# iPad 3.2.1 update available



## The Hooded Claw (Oct 12, 2009)

Hook up your iPad to your computer and start iTunes....You'll see a popup box asking if you want to download and install the update, and (of course) have to click and agree to an agreement you won't read.  I'm downloading now, taking several minutes for the download.

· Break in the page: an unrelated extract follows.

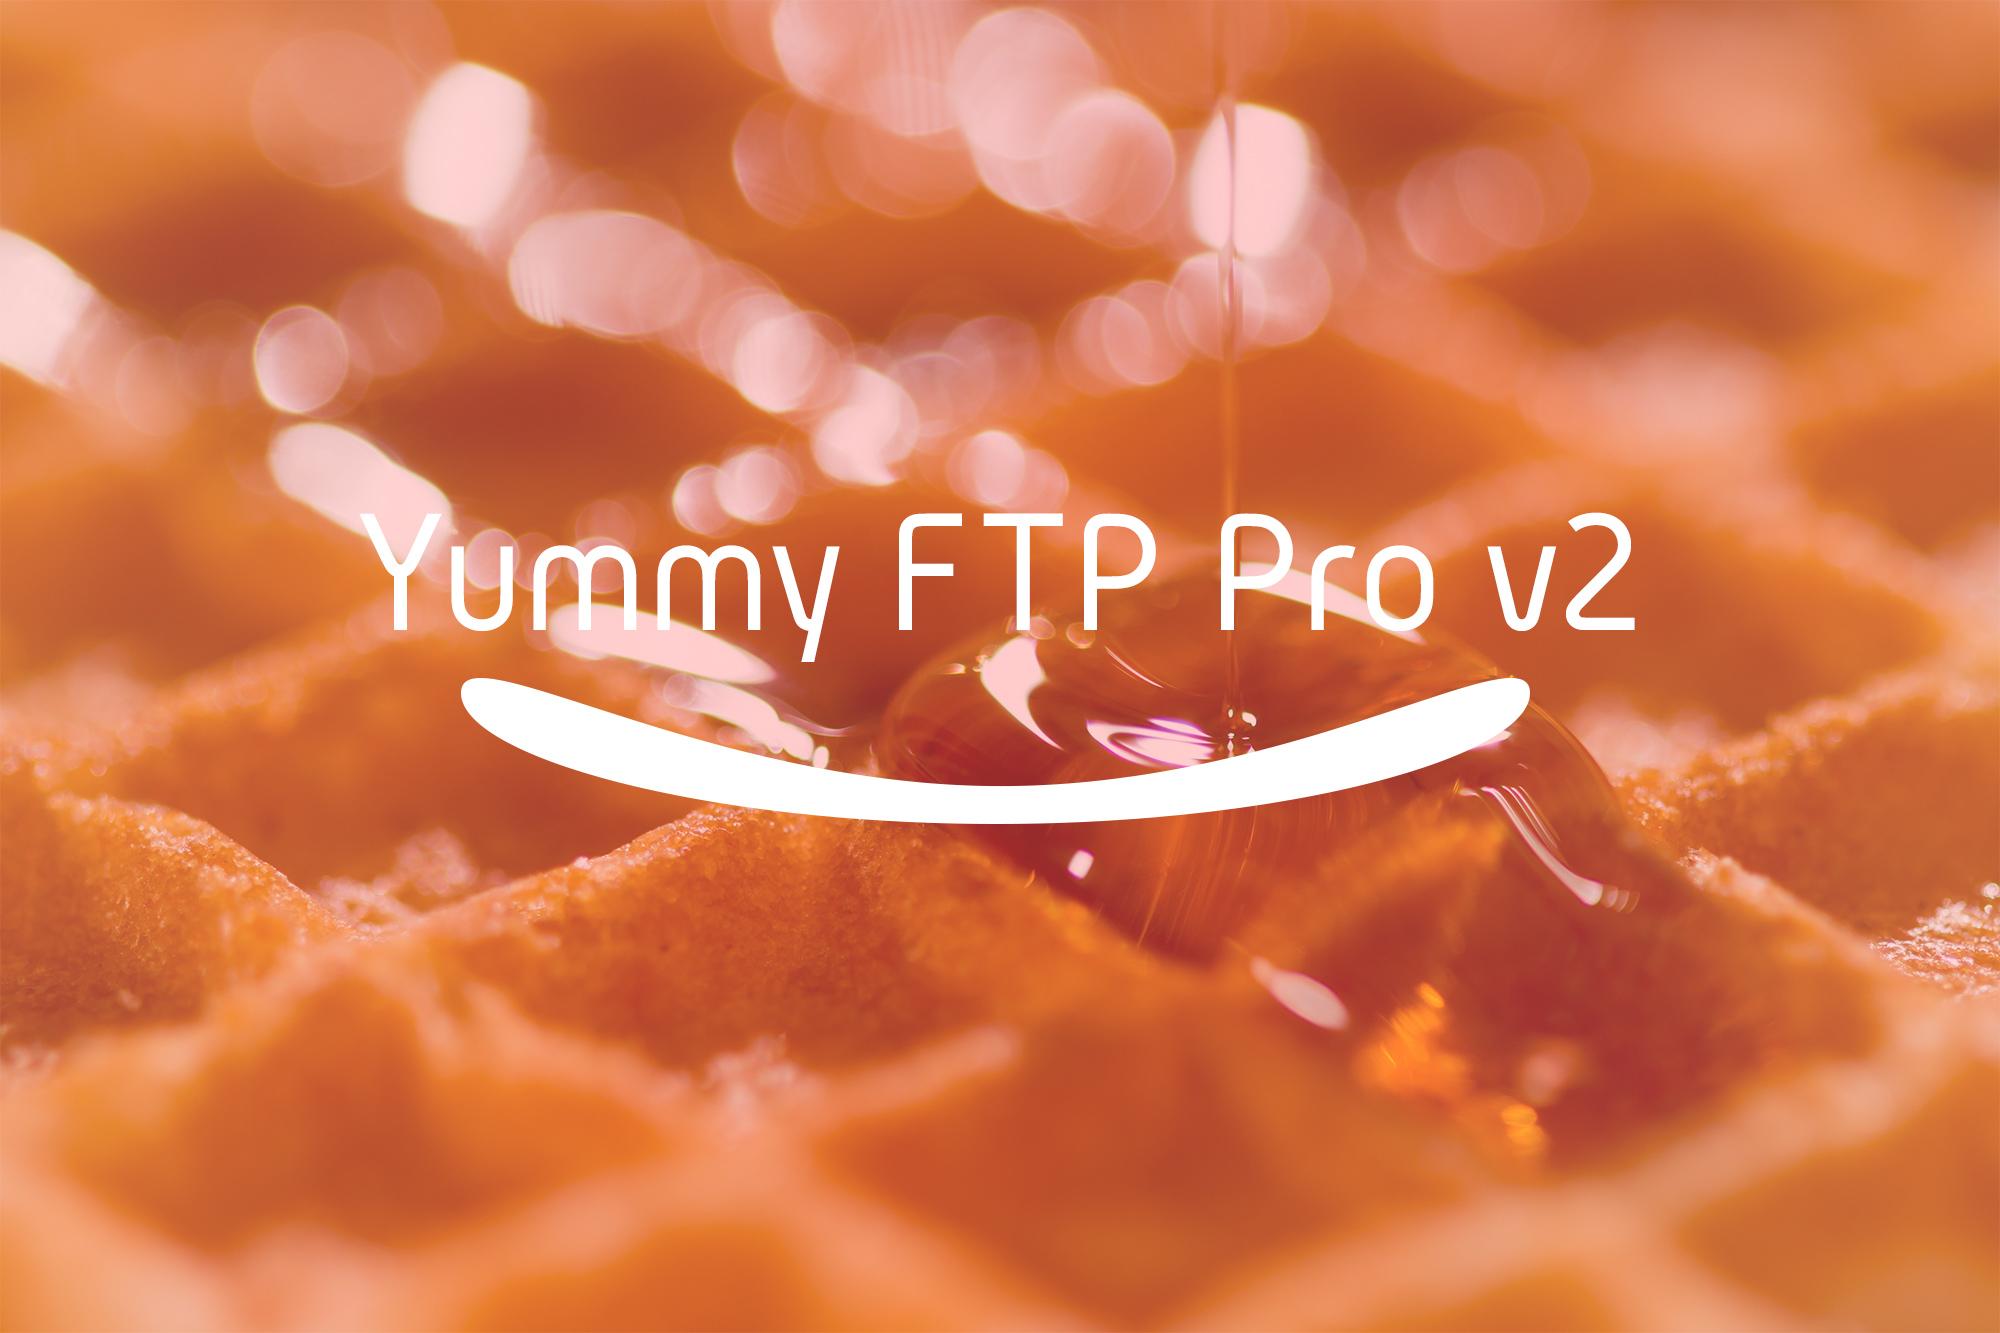 yummy ftp pro v2が出てた

Supposedly this has wifi connectivity improvements, adds Bing to Safari's search options, and fixes a number of relatively minor issues (Apple doesn't have bugs, just issues!).


----------



## The Hooded Claw (Oct 12, 2009)

Don't be in a rush to disconnect....I noticed the download end, and almost disconnected my iPad.  I had a number of windows open, partly covering iTunes, and fortunately I was cautious and and closed the windows to check carefully first....There is a small box that informs you that it is preparing your iPad for updating, and now the updating process itself is running, taking a few more minutes.


----------



## luvshihtzu (Dec 19, 2008)

Thank you for the information.  My update took almost an hour to finish.  Hope it fixes the problem with the disconnecting WiFi.


----------



## tdmsu (Feb 5, 2010)

The update worked great for me... no more wifi issues!


----------



## Anne (Oct 29, 2008)

Thanks I will do the upadate later when I get home from work.


----------



## Someone Nameless (Jul 12, 2009)

Thank you!

And THIS is exactly why I love it here.  Well, that and the people are so nice!  I'm not sure when I'd some of this information without this board!  (iPad updates, Kindle updates and downloads, etc)


----------



## kindlemama (Jan 5, 2010)

Thanks for the info!


----------



## lynninva (Feb 7, 2009)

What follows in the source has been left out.